Donald Trump just hit a massive legal wall, and it came from the very court he spent years reshaping.
On Monday, the U.S. Supreme Court handed down a 5-4 decision in Watson v. Republican National Committee that completely shuts down the conservative crusade against post-Election Day mail-in ballots. The ruling doesn't just protect Mississippi's local voting rules. It protects similar laws in roughly 30 states, ensuring that millions of ballots postmarked by Election Day but arriving a few days late will still be counted in this November's midterm elections.
Trump didn't hide his fury. Writing on Truth Social, he labeled the ruling a "tremendous loss" for election integrity. He quickly shifted gears, demanding that Congress pass the SAVE America Act to force strict voter ID laws and essentially wipe out mail-in voting altogether nationwide.
But the real shocker isn't Trump's reaction. It's who broke the conservative supermajority to beat him.
The Unlikely Alliance That Protected the Grace Periods
For months, the Republican National Committee and the Trump administration argued that federal laws from the 1800s set a single, hard deadline. In their view, Election Day is the day the ballot box closes permanently. If a ballot isn't in the hands of election officials by the time polls close, it's trash. The conservative 5th U.S. Circuit Court of Appeals agreed with them last year, setting up a potential voting rights disaster.
Justice Amy Coney Barrett completely dismantled that argument.
Barrett, a Trump appointee, wrote the majority opinion. She was joined by Chief Justice John Roberts and the court's three liberals—Sonia Sotomayor, Elena Kagan, and Ketanji Brown Jackson.
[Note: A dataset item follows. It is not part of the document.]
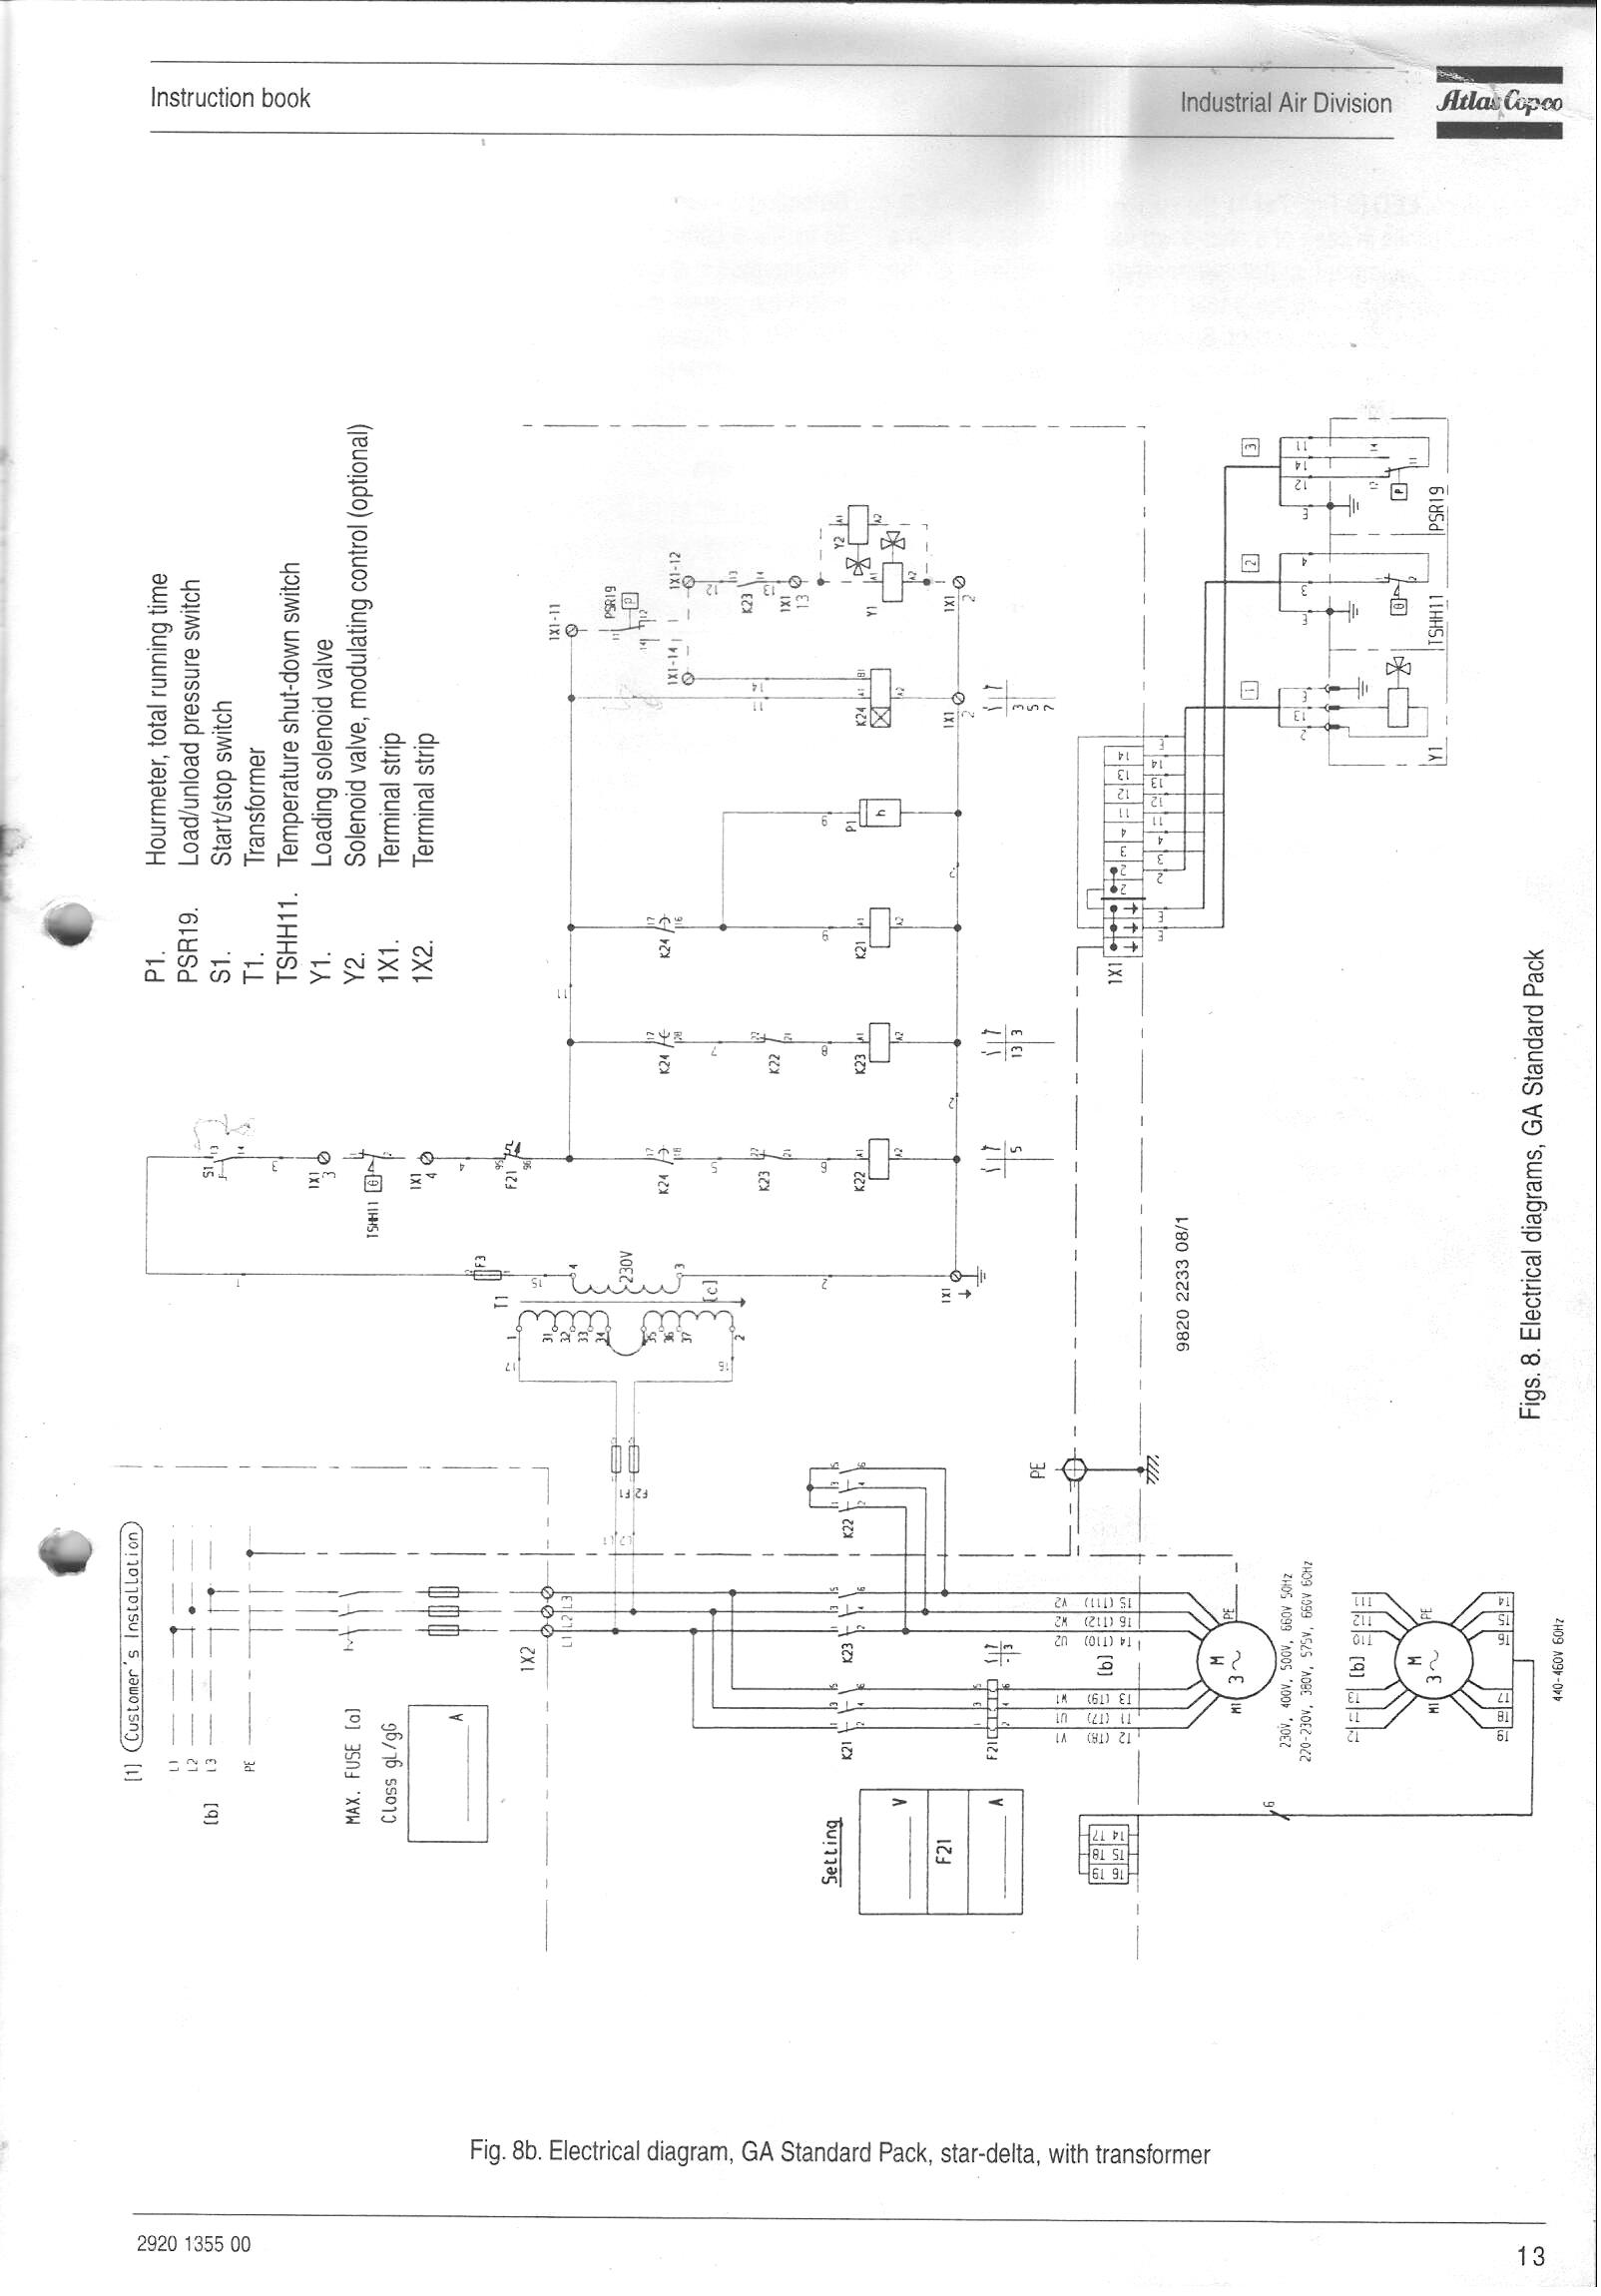 Ee Atlas Copco Wiring Schematic Free Diagram
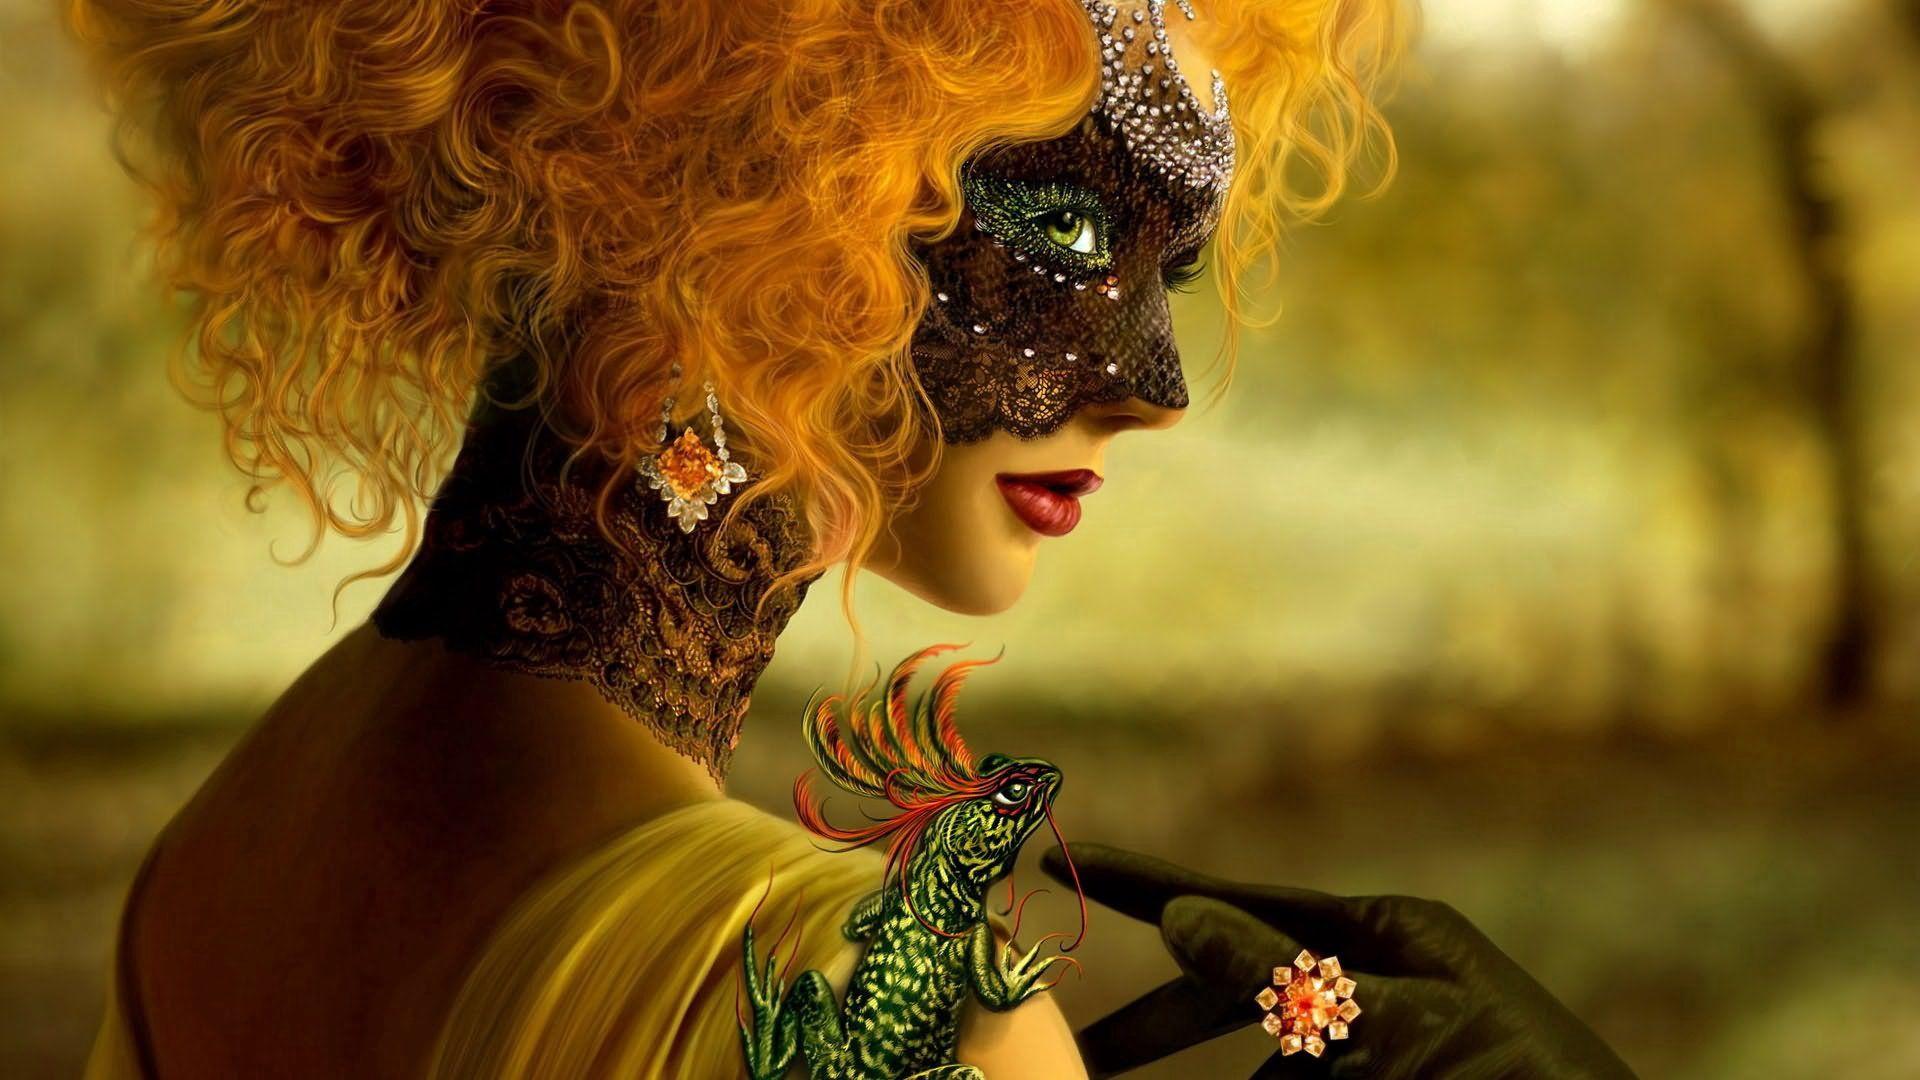 63822 Hintergrundbild herunterladen Fantasie, Mädchen, Maske, Bilden, Maskerade, Make-Up - Bildschirmschoner und Bilder kostenlos

Barrett pointed out that while the Constitution and federal statutes require voters to make their choice on Election Day, they say absolutely nothing about when state officials have to receive the physical piece of paper. As long as the voter drops their ballot in the mail on or before Election Day, Mississippi's five-day grace period is perfectly legal.
The majority made it clear that the Framers left this kind of operational power to the states, not the Supreme Court.
Alito's Warnings and the Conservative Split
The dissent, penned by Justice Samuel Alito and joined by Clarence Thomas, Neil Gorsuch, and Brett Kavanaugh, was blunt. Alito warned that the ruling opens a "Pandora's box" for state legislatures and risks breaking public trust in election outcomes.
Alito argued that an "election" isn't a multi-day window. By letting local officials collect and count ballots for five business days after the deadline, the dissenters believe the entire process gets dragged out past the federally mandated date.
What makes this fascinating is the fracturing of Trump's judicial legacy. Gorsuch and Kavanaugh stayed in Trump's camp, but Barrett broke away. It's a stark reminder that judicial originalism doesn't always align with partisan political strategies.
What This Means for Your Vote This November
If you live in one of the roughly 30 states that allow grace periods for postmarked mail, you can breathe a sigh of relief. You don't have to worry about your vote getting thrown out because of a slow postal truck.
Interestingly, Mississippi's law wasn't even a liberal creation. The state's Republican-controlled legislature passed it in 2020 with bipartisan support to protect older voters, people with disabilities, and residents living away from home.
Yet, the political fallout is already happening. Right after the decision dropped, Mississippi Republican Attorney General Lynn Fitch praised federalism but immediately urged her state's lawmakers to change the law anyway. She wants Mississippi to require all absentee ballots to arrive by Election Day, explicitly echoing Trump's calls to restrict the practice.
The Next Battlefield is Congress
With the courts refusing to bend, Trump is throwing all his weight behind the SAVE America Act. He wants a legislative overhaul that mandates a few specific things:
- Ending nearly all mail-in ballots nationwide.
- Requiring strict proof of citizenship (like a birth certificate or passport) to register to vote.
- Standardizing mandatory voter ID rules at every polling place.
Don't expect the mail-in ballot debate to die down anytime soon. The Supreme Court settled the legal question for the 2026 midterms, but the political war over how Americans cast their votes is only heating up.
If you plan to vote by mail this November, don't play chicken with the post office. Check your specific state rules early, get your ballot postmarked well before the deadline, and track it online through your local election portal to ensure it arrives safely.